Periscopio – Edoardo Volterra

lucreziVivo interesse e grande commozione ha suscitato, nel folto e assai autorevole pubblico presente (nel quale erano presenti diversi tra i più eminenti giuristi italiani), una toccante manifestazione organizzata, lo scorso mercoledì 13 giugno, presso la Facoltà di Giurisprudenza dell’Università di Roma la Sapienza, in commemorazione di Edoardo Volterra (Roma 1904-Roma 1984), tra i massimi protagonisti della cultura, del diritto e della democrazia del secolo trascorso, che ha segnato profondamente, con la sua personale impronta di pensiero, impegno e dedizione, la storia del nostro Paese.
Le tappe salienti della straordinaria vita di Volterra (insuperabile interprete dei driitti antichi, partigiano e protagonista della Resistenza, per decenni fondamentale punto di riferimento del mondo accademico internazionale, Rettore dell’Università di Bologna nell’immediato dopoguerra [dal 1945 al 1947], attento e solerte custode, come Giudice costituzionale [dal 1973 al 1981], dei principi della nostra Carta fondamentale) sono state rievocate, oltre che negli interventi dei relatori, anche in un intenso lungometraggio, significativamente intitolato “La vita come dovere, lo studio come passione”, che ne ha egregiamente sintetizzato l’inestimabile contributo dato alla crescita dei nostri studi, alla difesa intransigente della nostra dignità nazionale, all’attiva promozione della nostra civiltà (quella vera, non quella inventata da alcuni nuovi, ringhiosi cani da guardia della “patria assediata”).

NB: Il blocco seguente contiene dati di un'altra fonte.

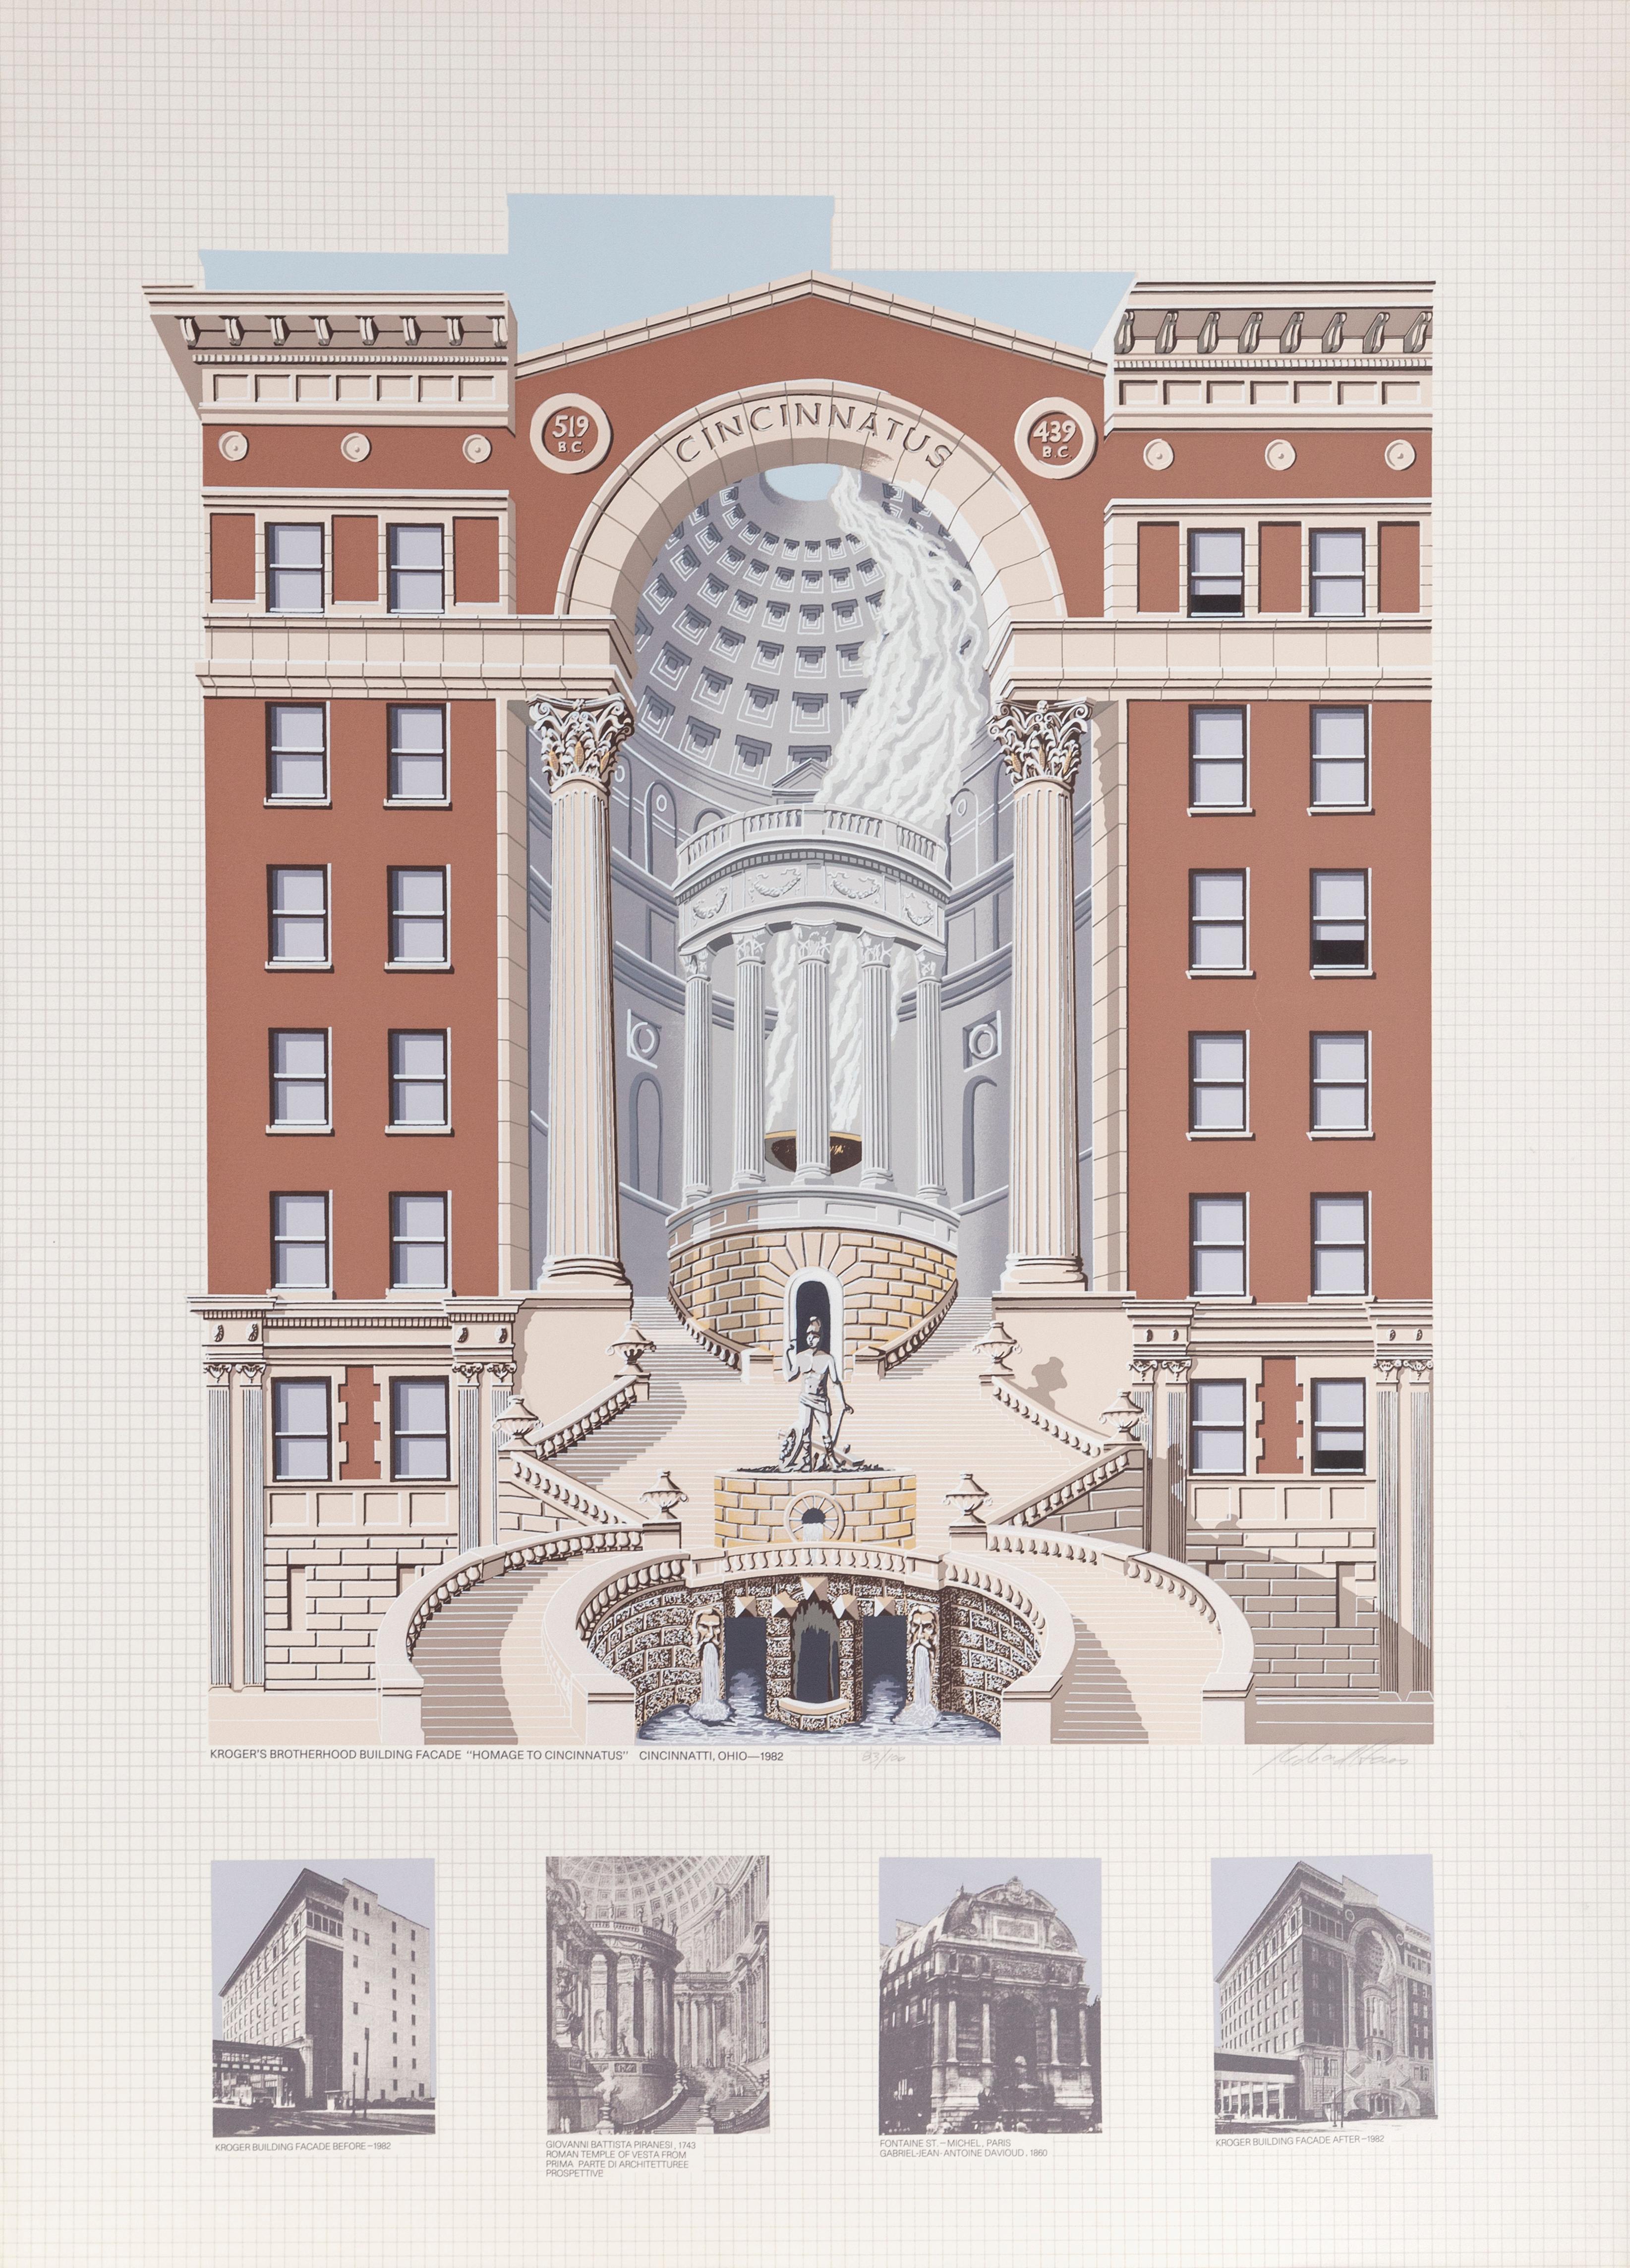 Krogers Brotherhood Building, Cincinnati - Screenprint by Richard Haas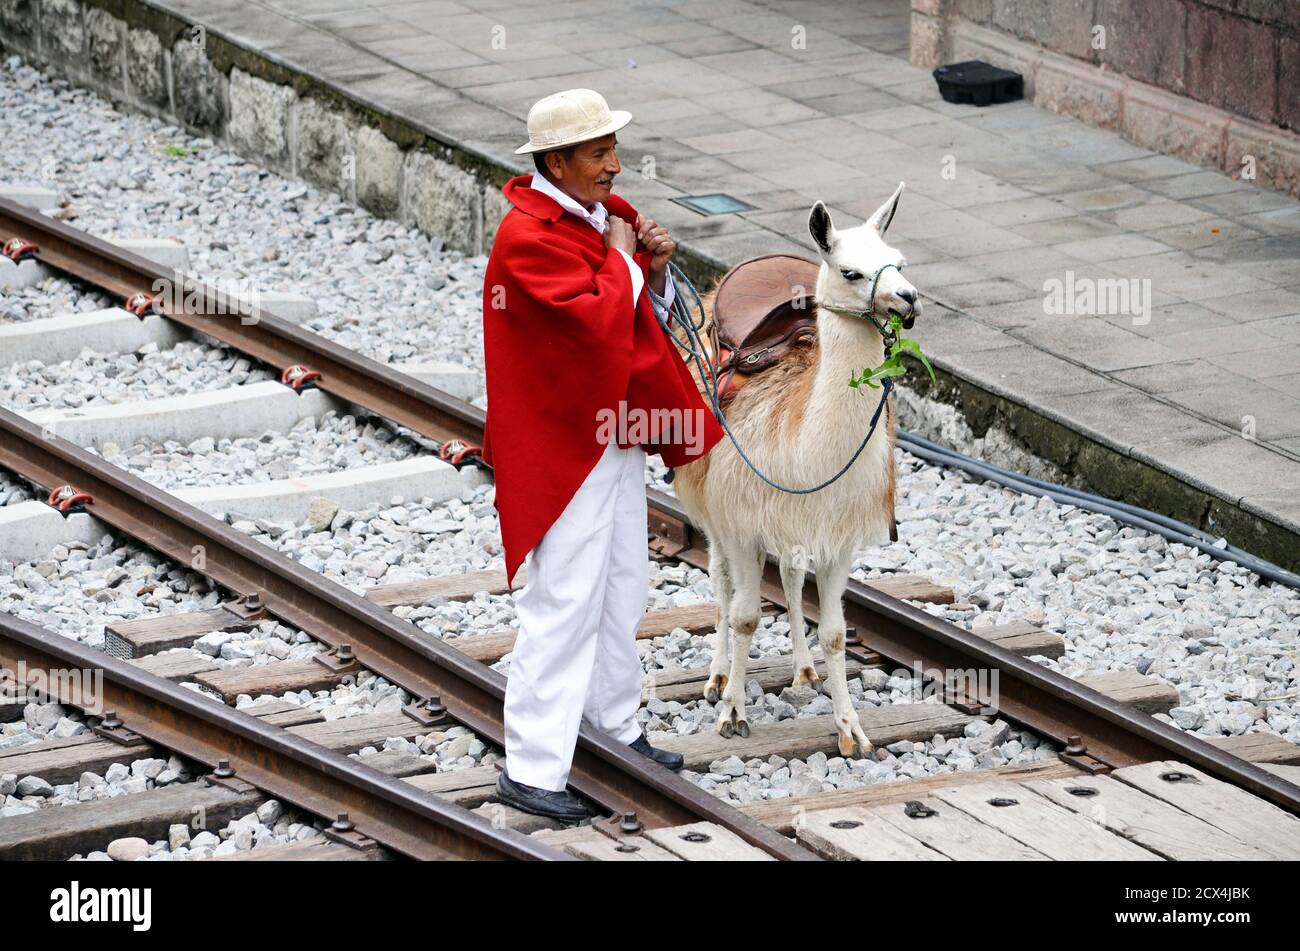 Nariz del Diablo Train Ride Stop with Man & His Llama Stock Photo

Tra i tanti aspetti della sua imponente eredità civile, morale, giuridica, culturale (tra cui gesti di incredibile e geniale coraggio: fu grazie a un astuto e spericolato inganno causidico, per esempio, che Volterra riuscì, da Avvocato, a gabbare i giudici del tribunale speciale, salvando Emilio Sereni da una certa condanna a morte), mi permetto di segnalare soltanto quello che più incisivamente ha influenzato il mio personale percorso scientifico e professionale.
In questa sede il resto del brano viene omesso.